> _TASK DIRECTIONS_: Quote the entries below from the line with "Pregnant Goat Stock Photos" through the line with "American Pharoah wins the Belmont Stakes", both ends included, and only those lines.

> _PROVIDED RECORDS_:
BEGIN

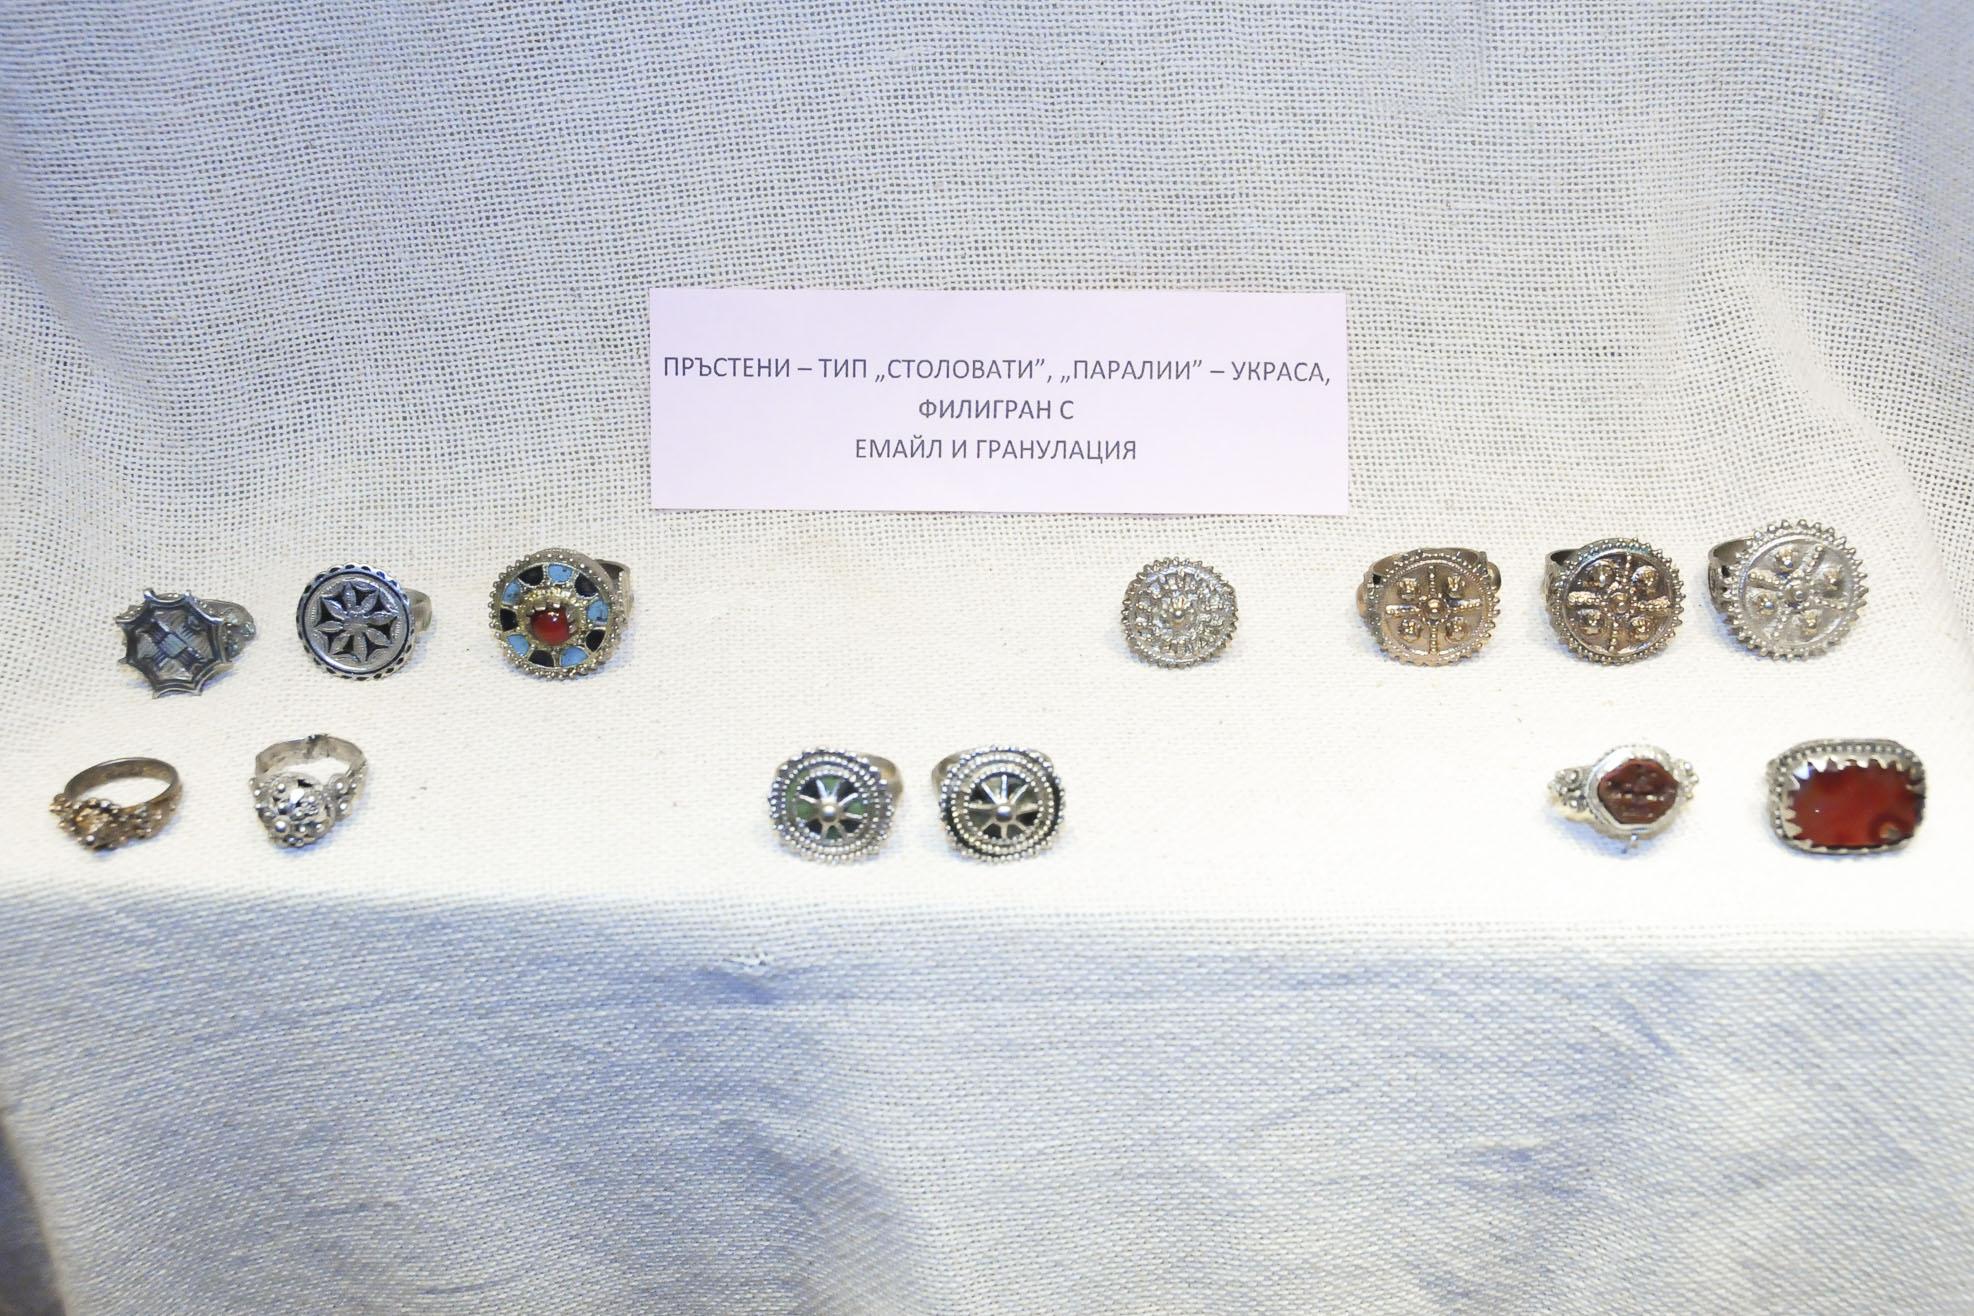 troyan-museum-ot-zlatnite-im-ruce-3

END
BEGIN

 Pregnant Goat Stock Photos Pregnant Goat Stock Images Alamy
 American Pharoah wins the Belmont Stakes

END

> _RESPONSE_:
 Pregnant Goat Stock Photos Pregnant Goat Stock Images Alamy
 American Pharoah wins the Belmont Stakes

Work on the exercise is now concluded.